When you reach the line with "Sunset Lake Sky", transcribe it and each line after it through the last one below, exactly. Pictures stay out.
(Beginning of EXERCISE DATA)
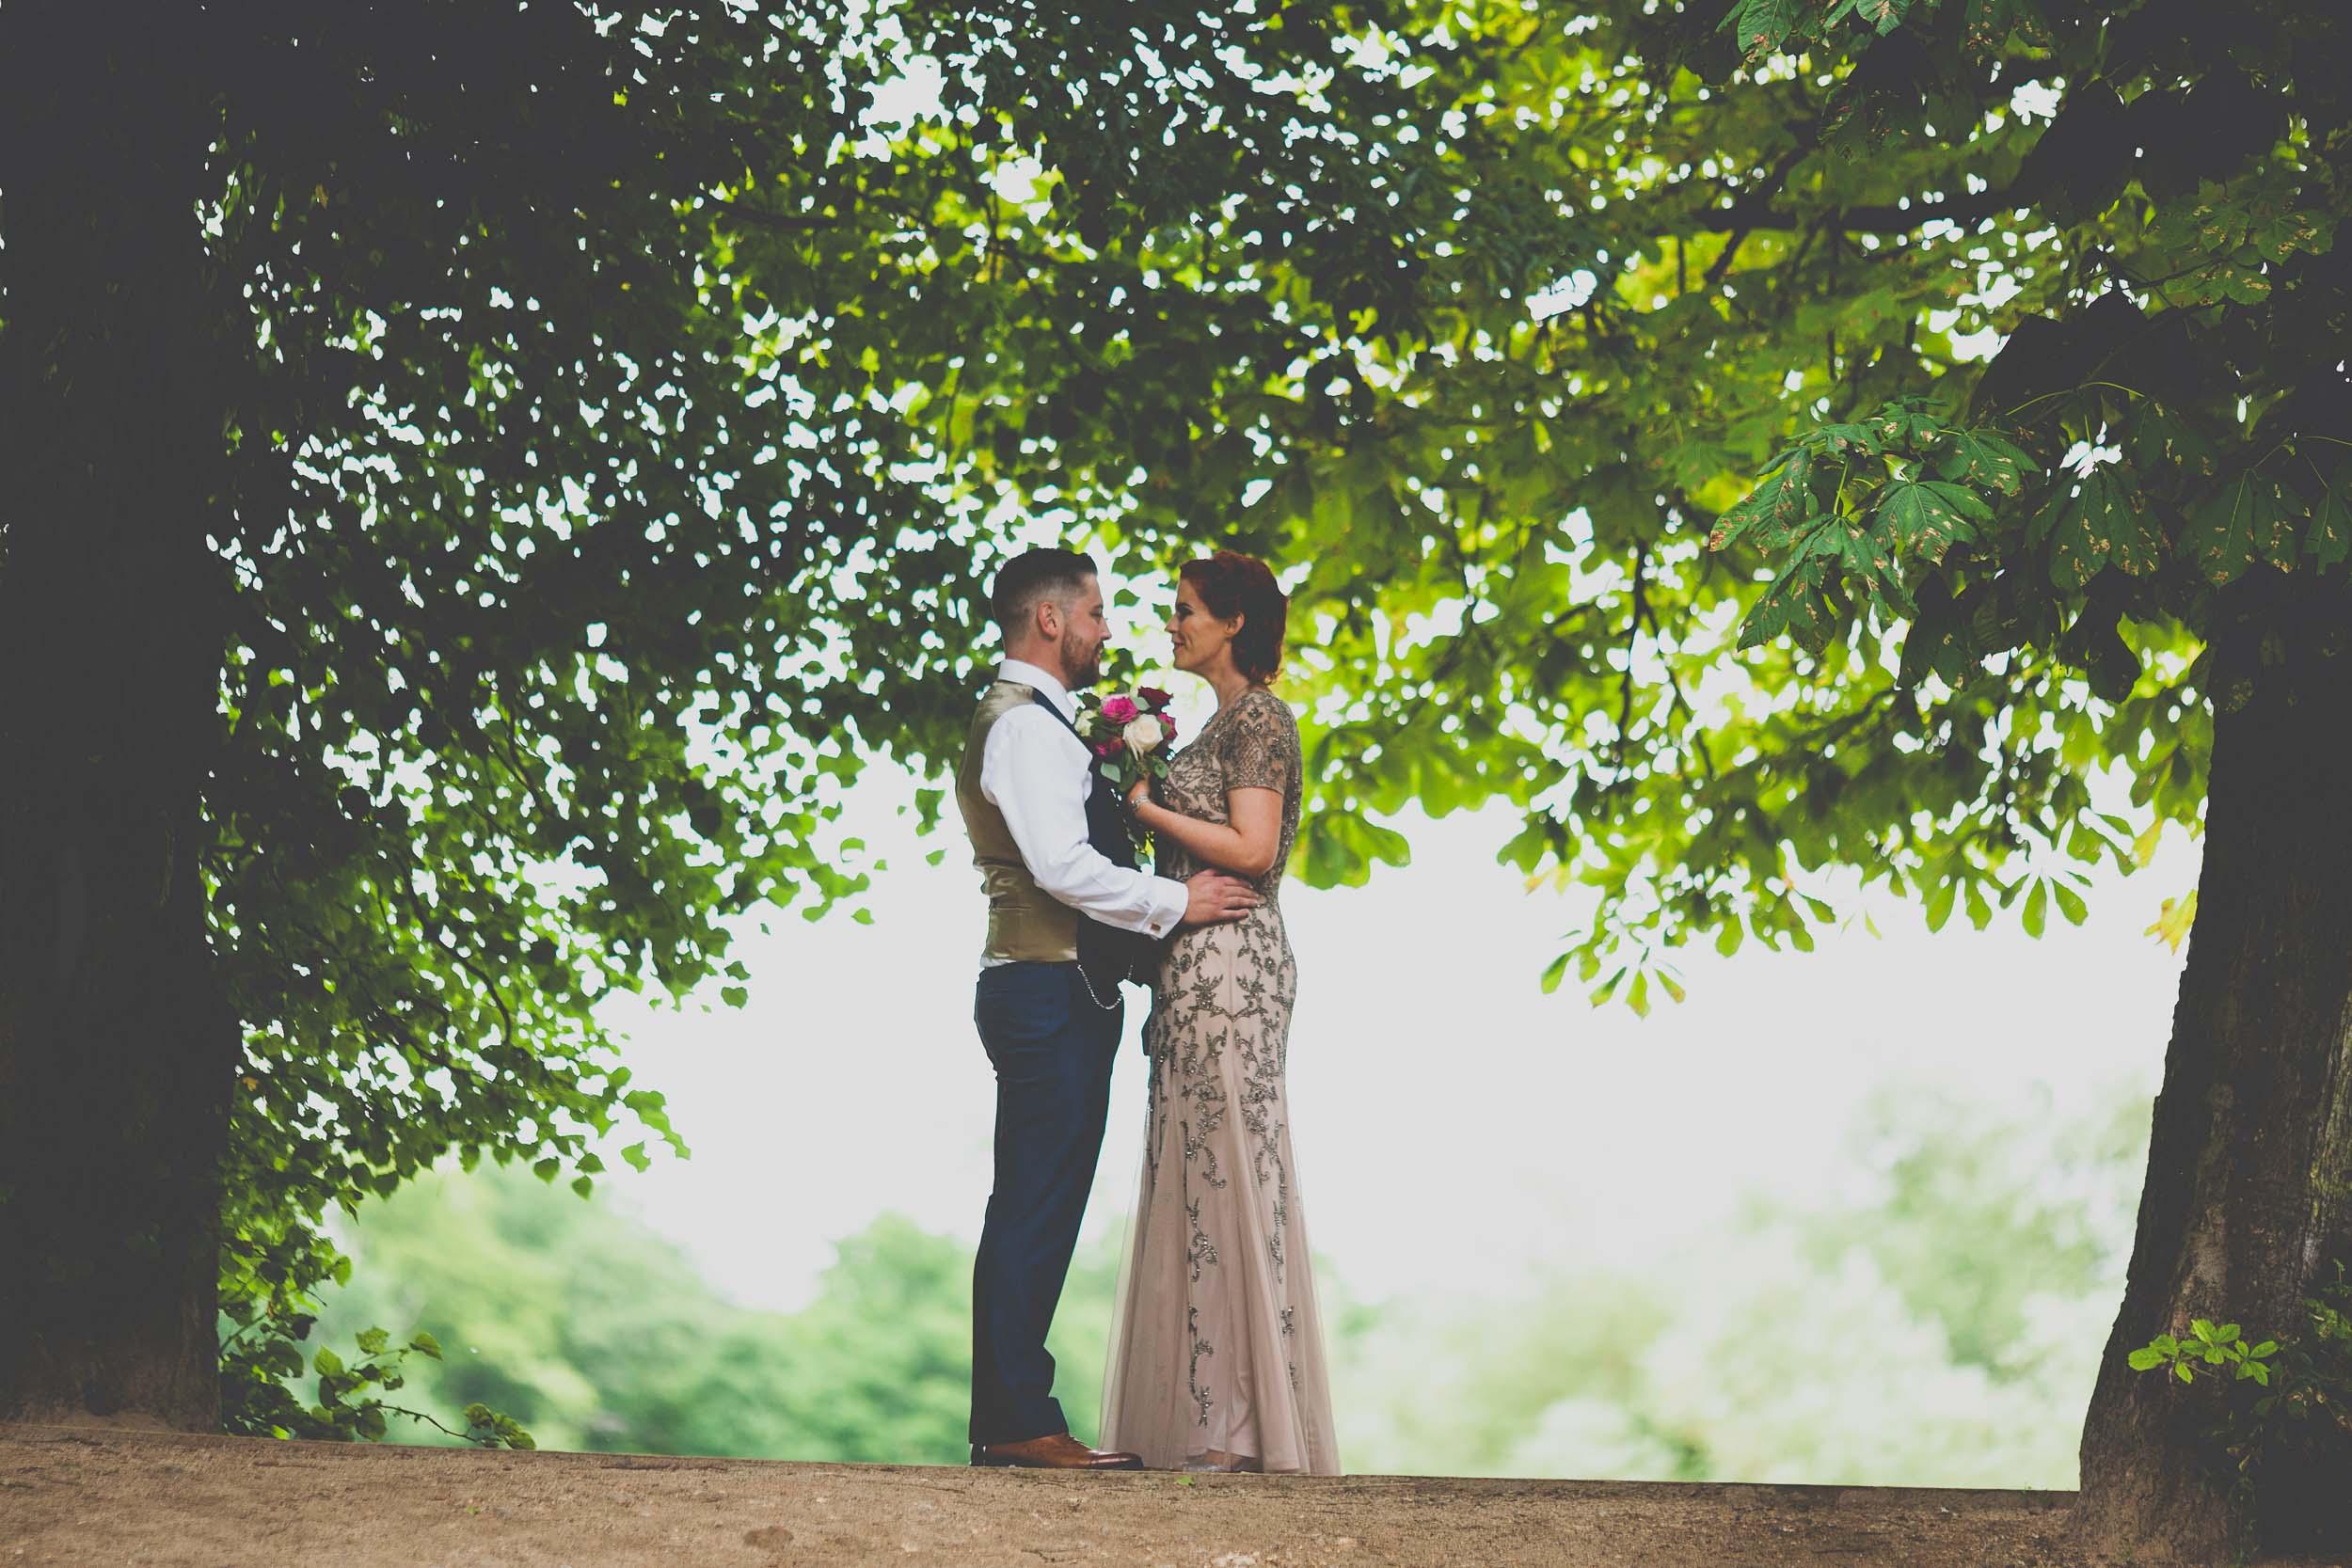 queen-elizabeths-hunting-lodge-epping-forest-wedding261.jpg
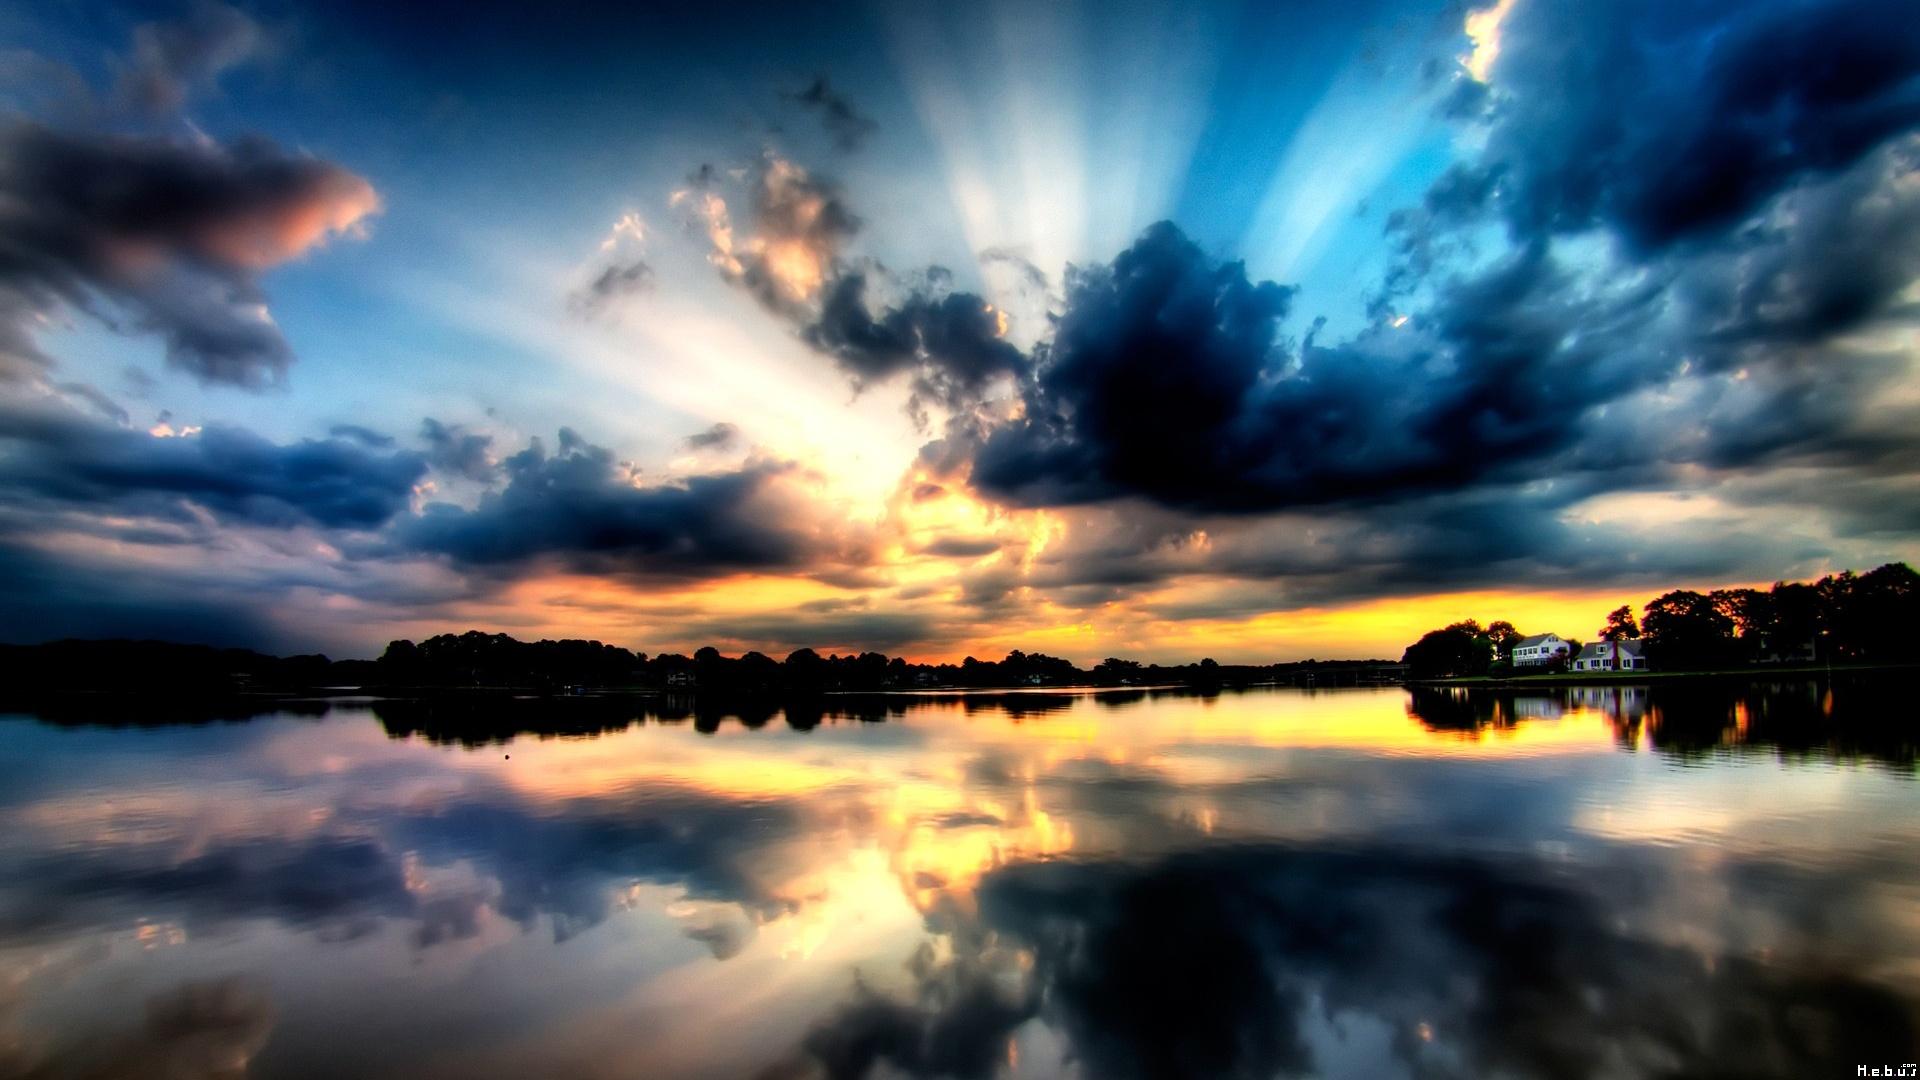 Sunset Lake Sky Cloud Reflection Water Tree House 1920x1080
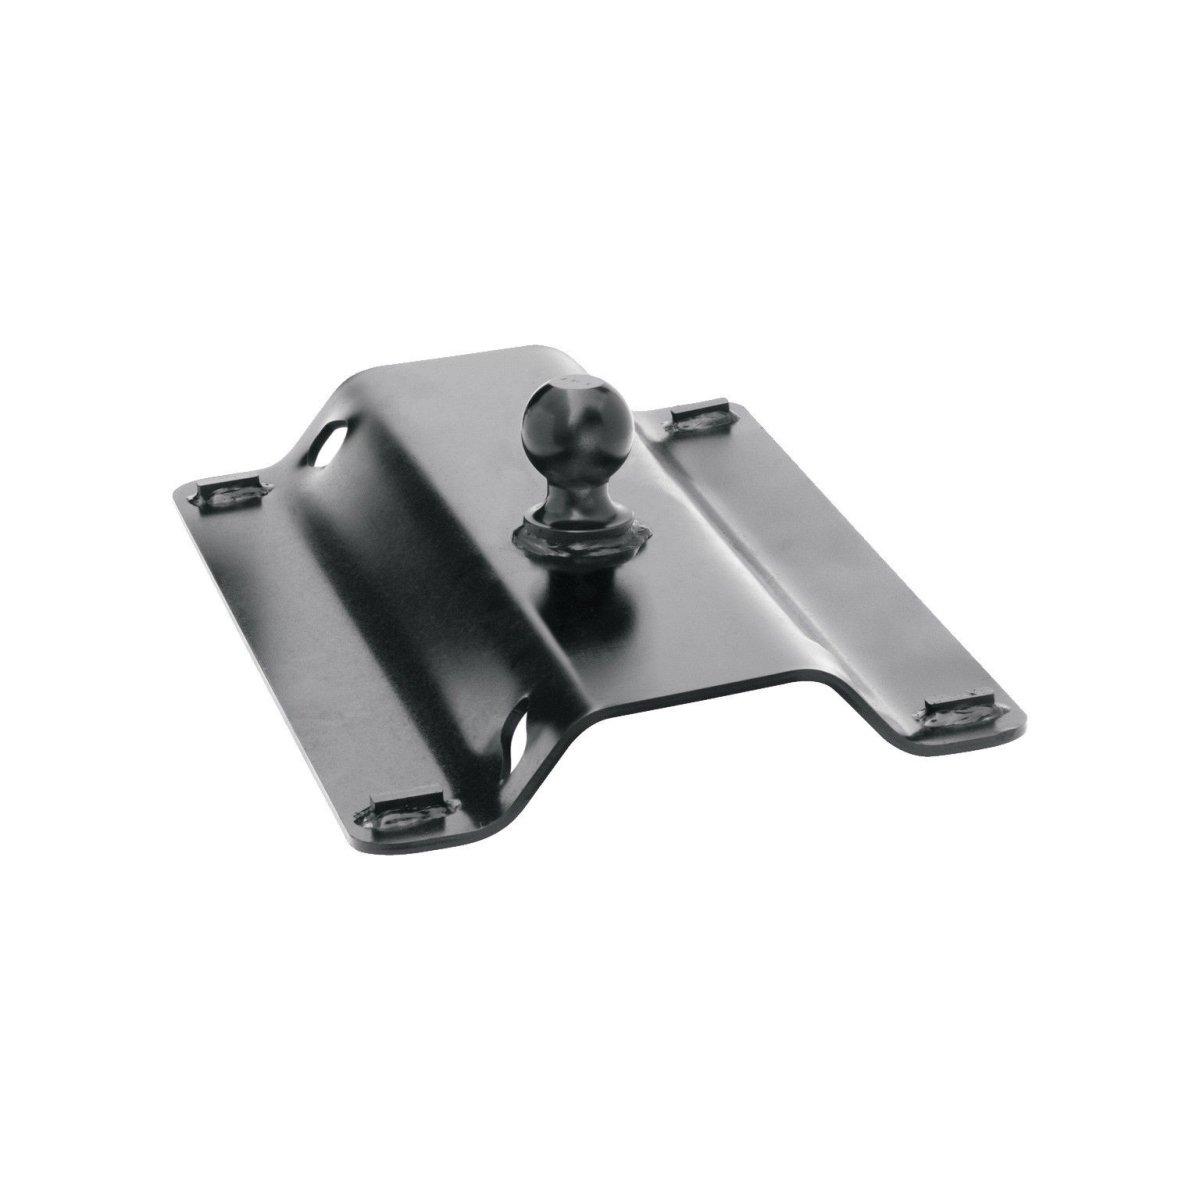 Reese 49080RTL Gooseneck Plate (Requires Rails Installation Kit #30035)
(End of EXERCISE DATA)
ANSWER FOR THIS EXERCISE →
 Sunset Lake Sky Cloud Reflection Water Tree House 1920x1080
 Reese 49080RTL Gooseneck Plate (Requires Rails Installation Kit #30035)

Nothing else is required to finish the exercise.